**DATA EXTRACT**
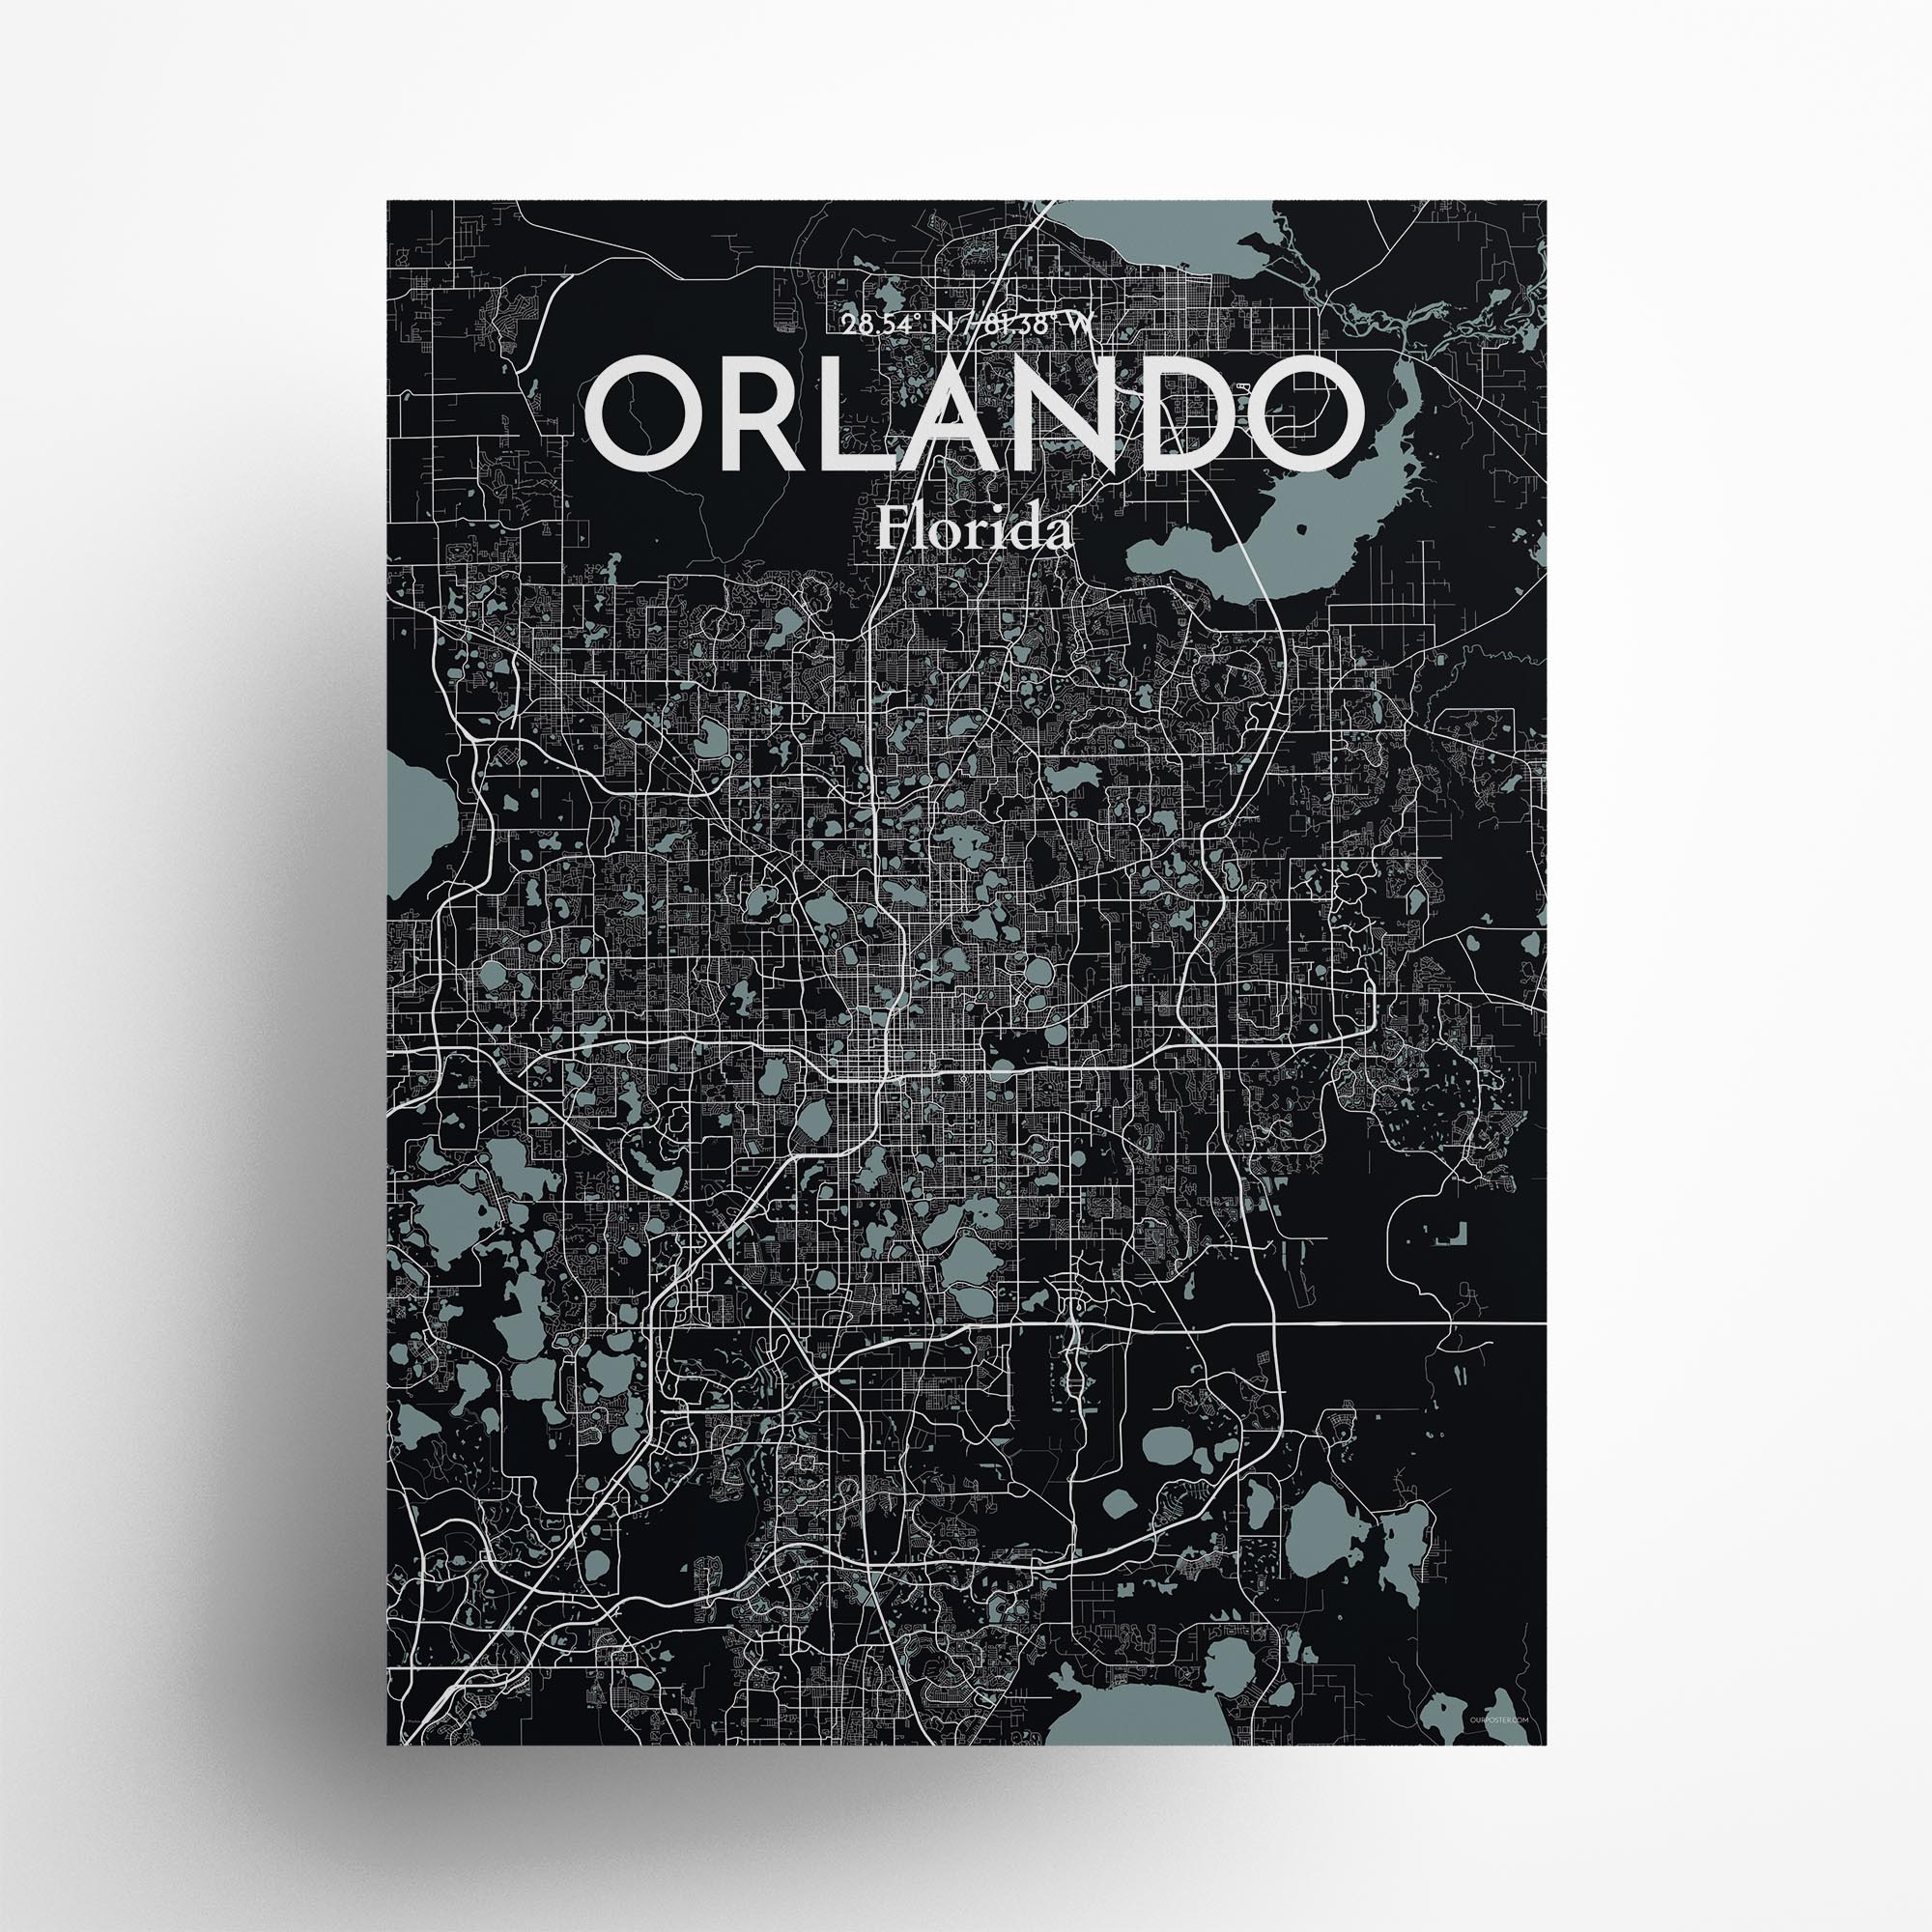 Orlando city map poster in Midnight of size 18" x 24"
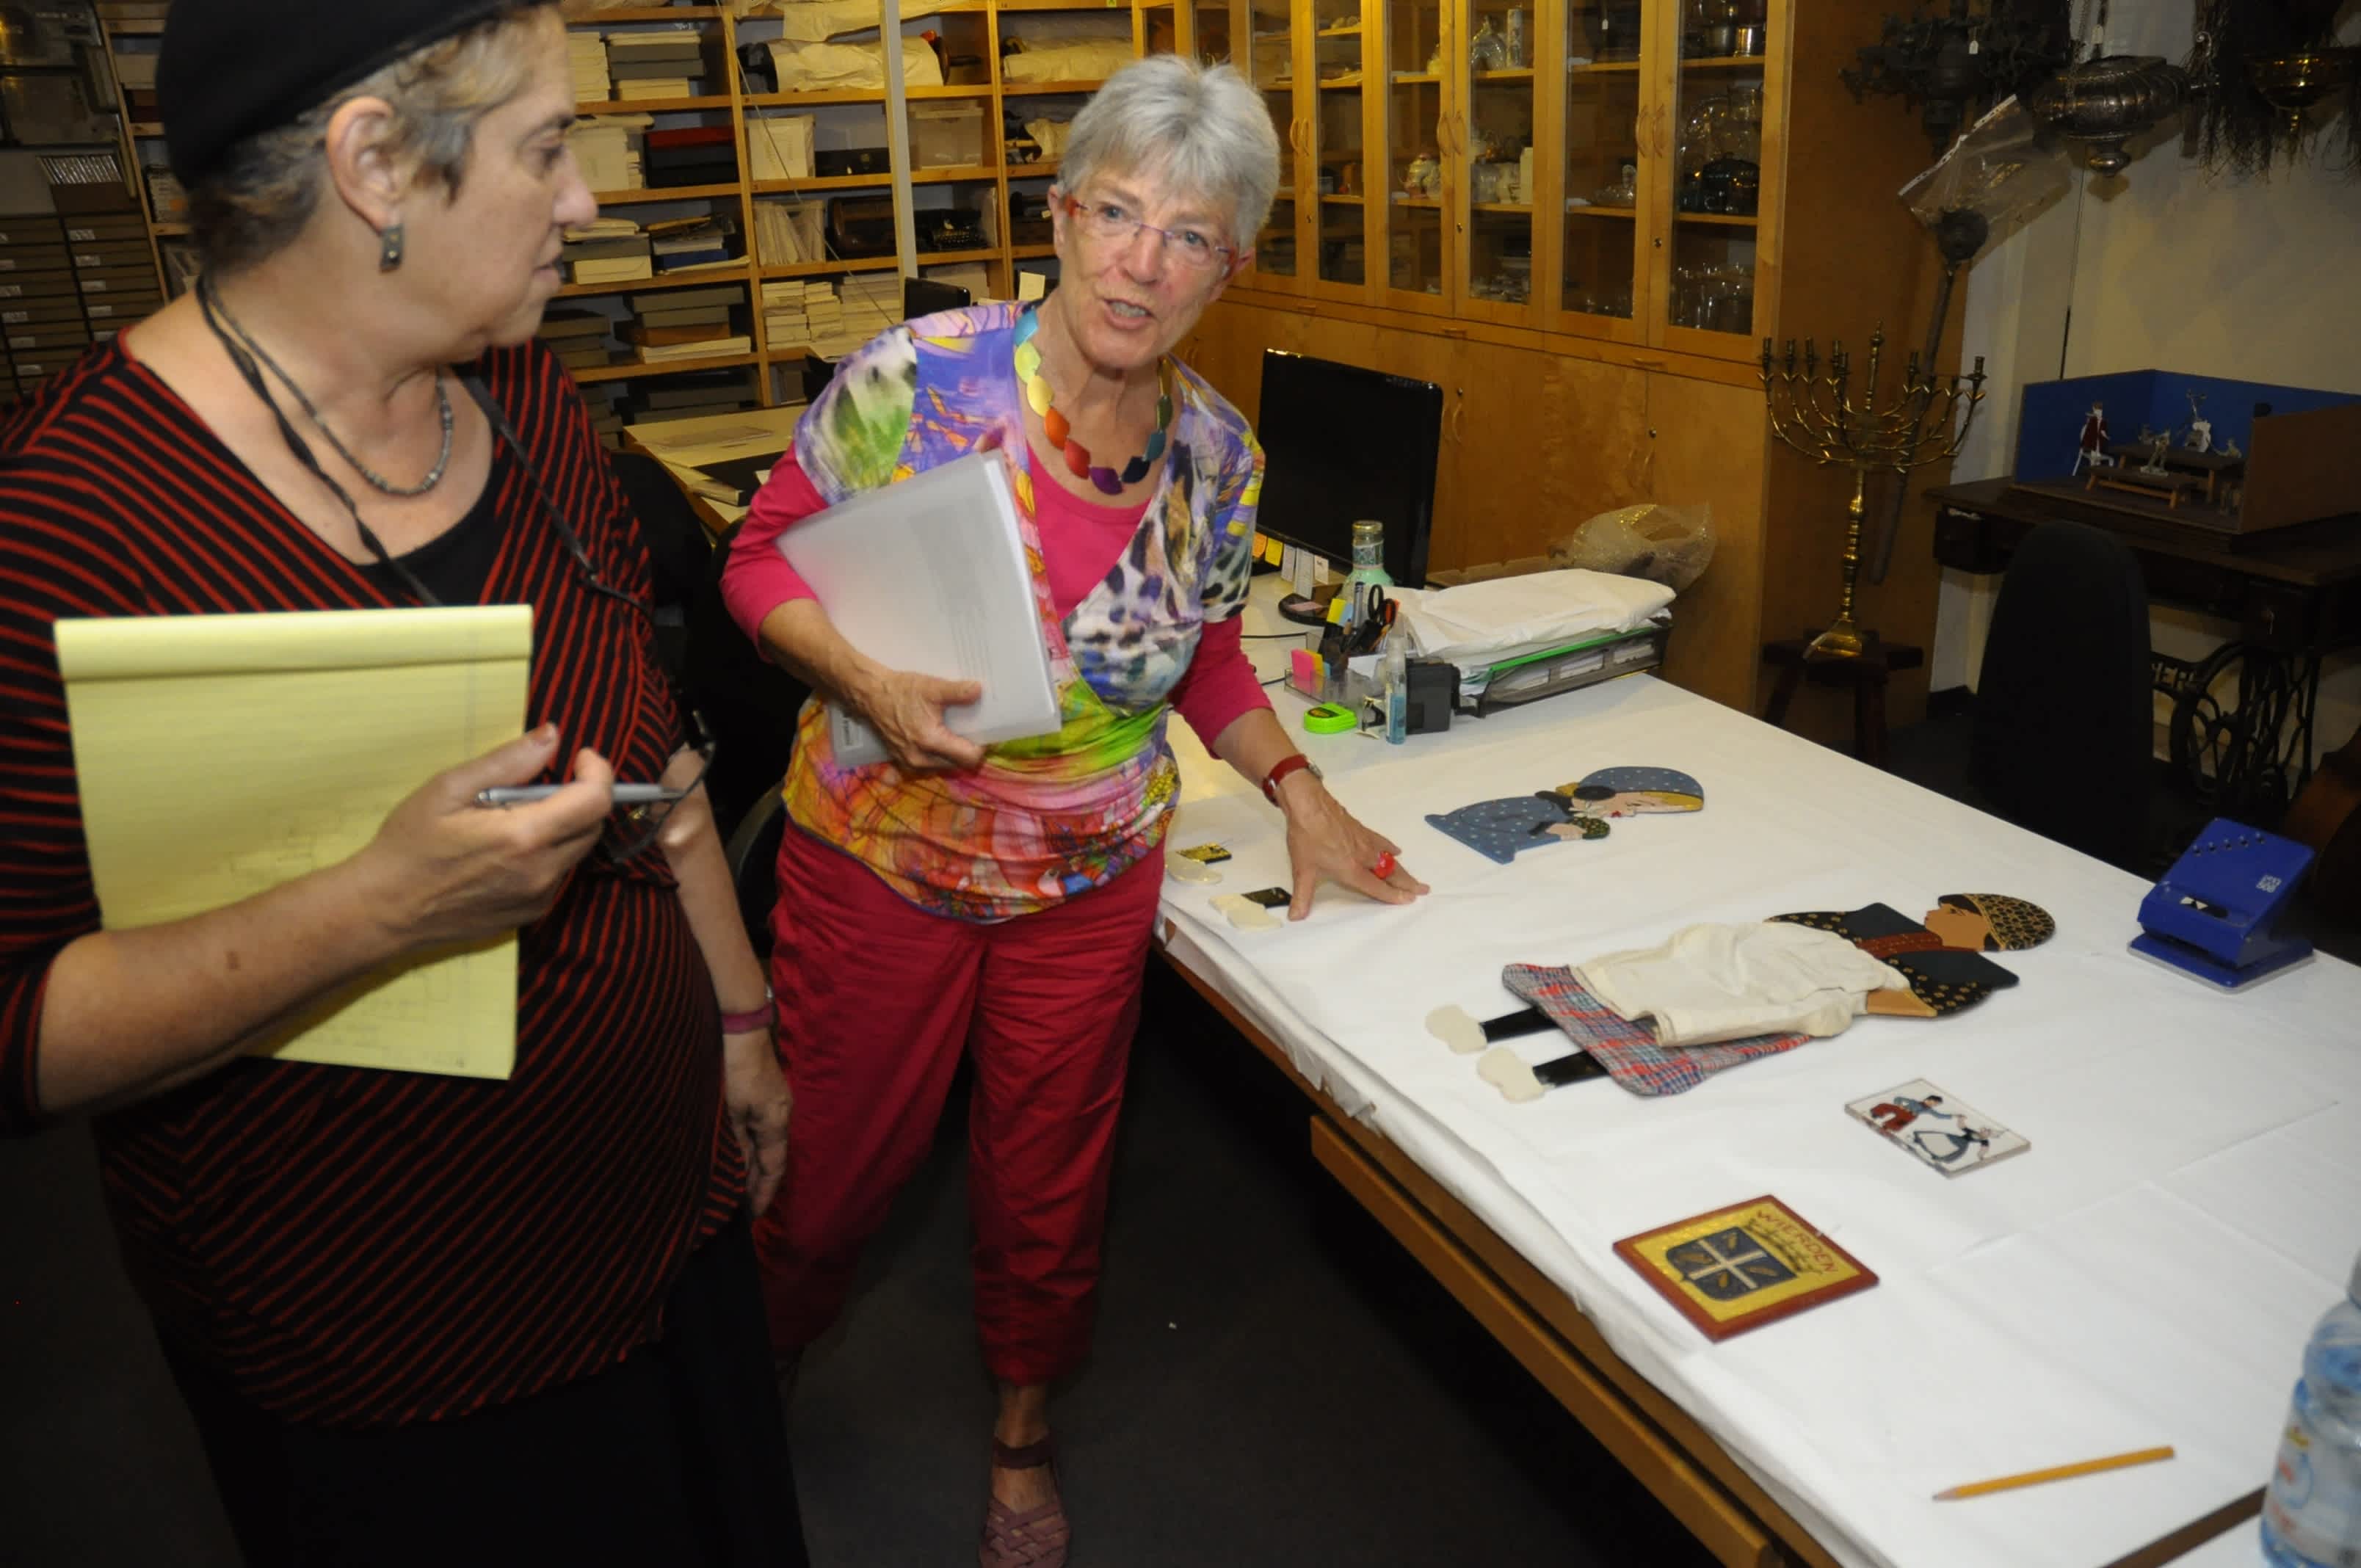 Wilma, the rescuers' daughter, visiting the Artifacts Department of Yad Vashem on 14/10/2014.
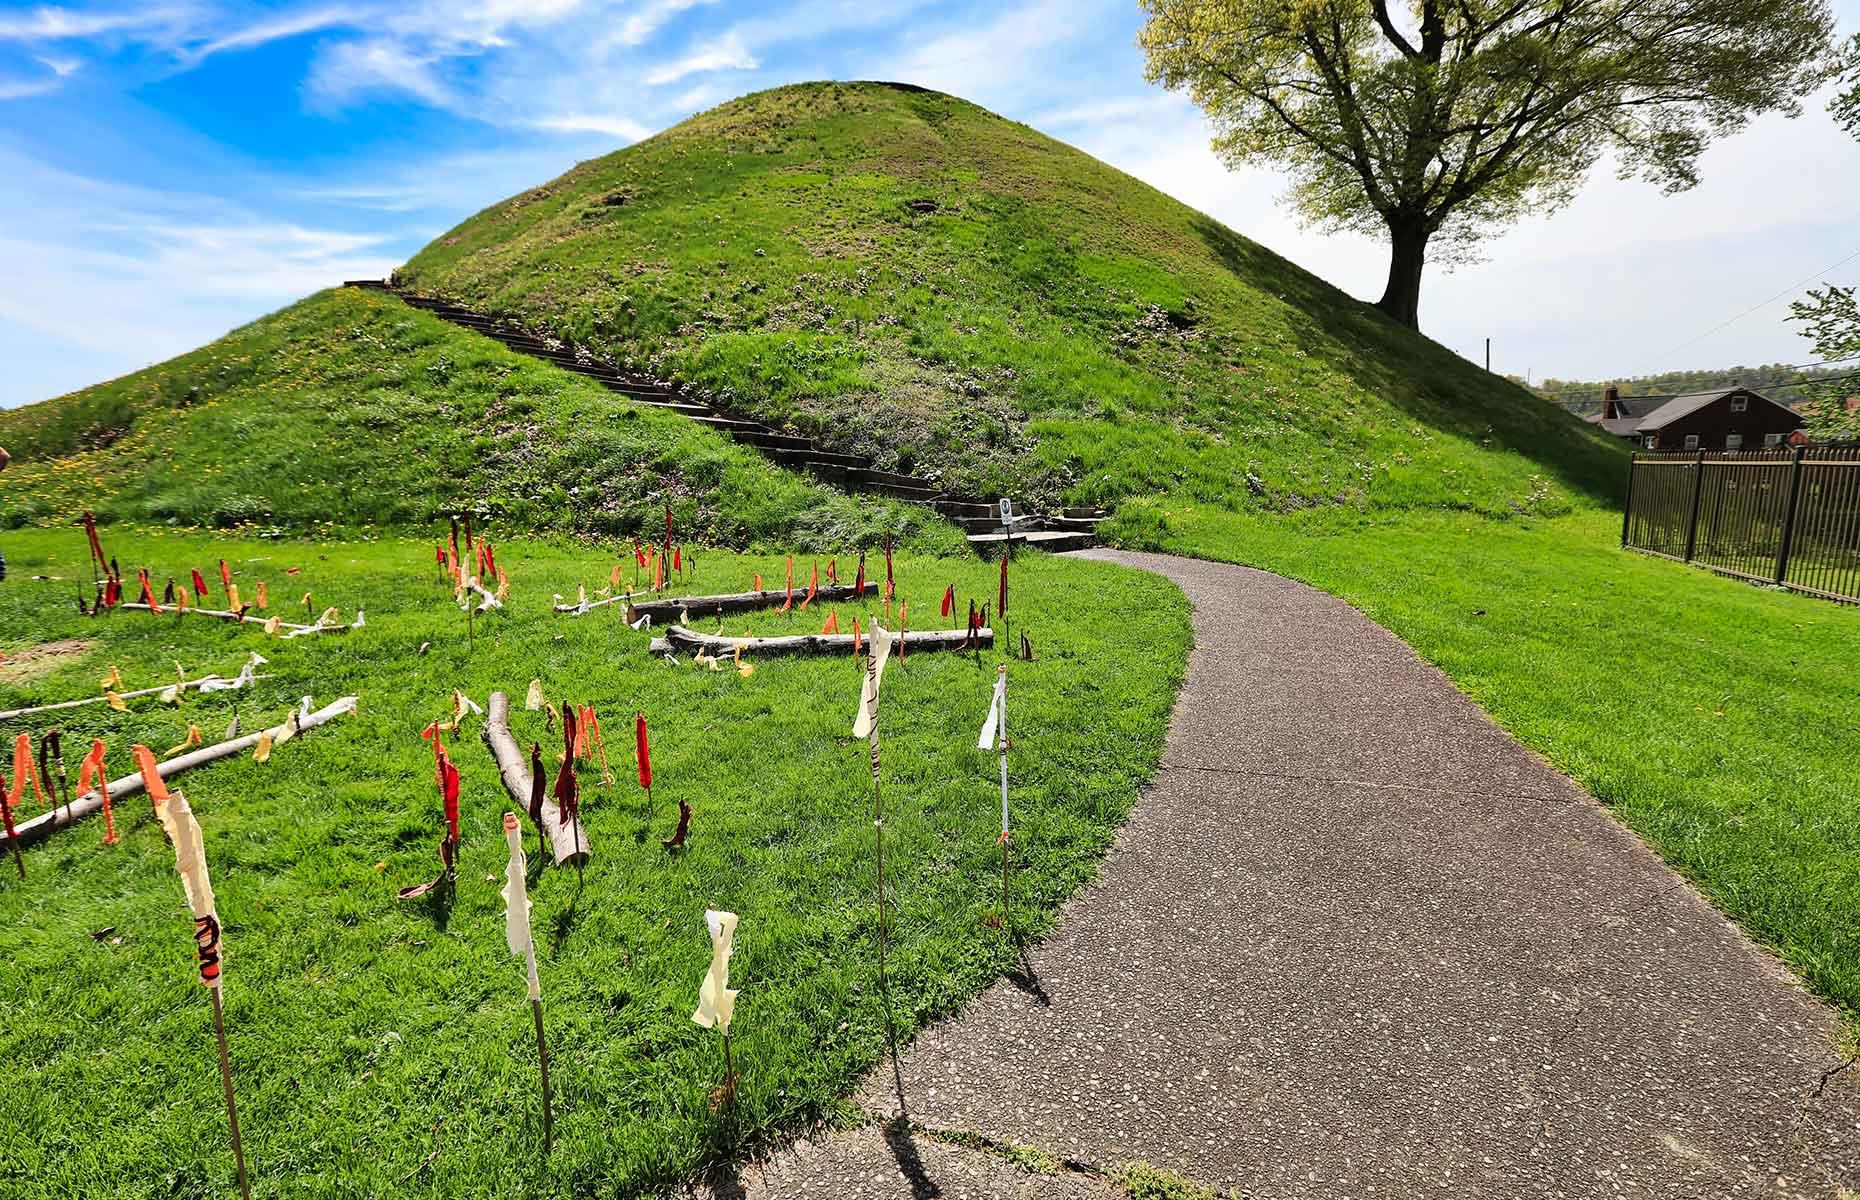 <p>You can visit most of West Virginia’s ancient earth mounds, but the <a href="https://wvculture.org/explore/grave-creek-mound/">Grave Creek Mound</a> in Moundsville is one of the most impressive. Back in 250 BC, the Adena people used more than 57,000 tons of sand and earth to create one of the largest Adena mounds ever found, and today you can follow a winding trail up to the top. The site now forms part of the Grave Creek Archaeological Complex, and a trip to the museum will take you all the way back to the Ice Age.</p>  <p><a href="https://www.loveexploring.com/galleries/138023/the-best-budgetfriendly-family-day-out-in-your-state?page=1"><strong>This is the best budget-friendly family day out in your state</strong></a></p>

**GOAL OF THE EXERCISE**
Go through the data above and print exactly the lines from its first line through the line holding "Wilma, the rescuers'", both included, leaving pictures aside.

**ANSWER BOX**
 Orlando city map poster in Midnight of size 18" x 24"
 Wilma, the rescuers' daughter, visiting the Artifacts Department of Yad Vashem on 14/10/2014.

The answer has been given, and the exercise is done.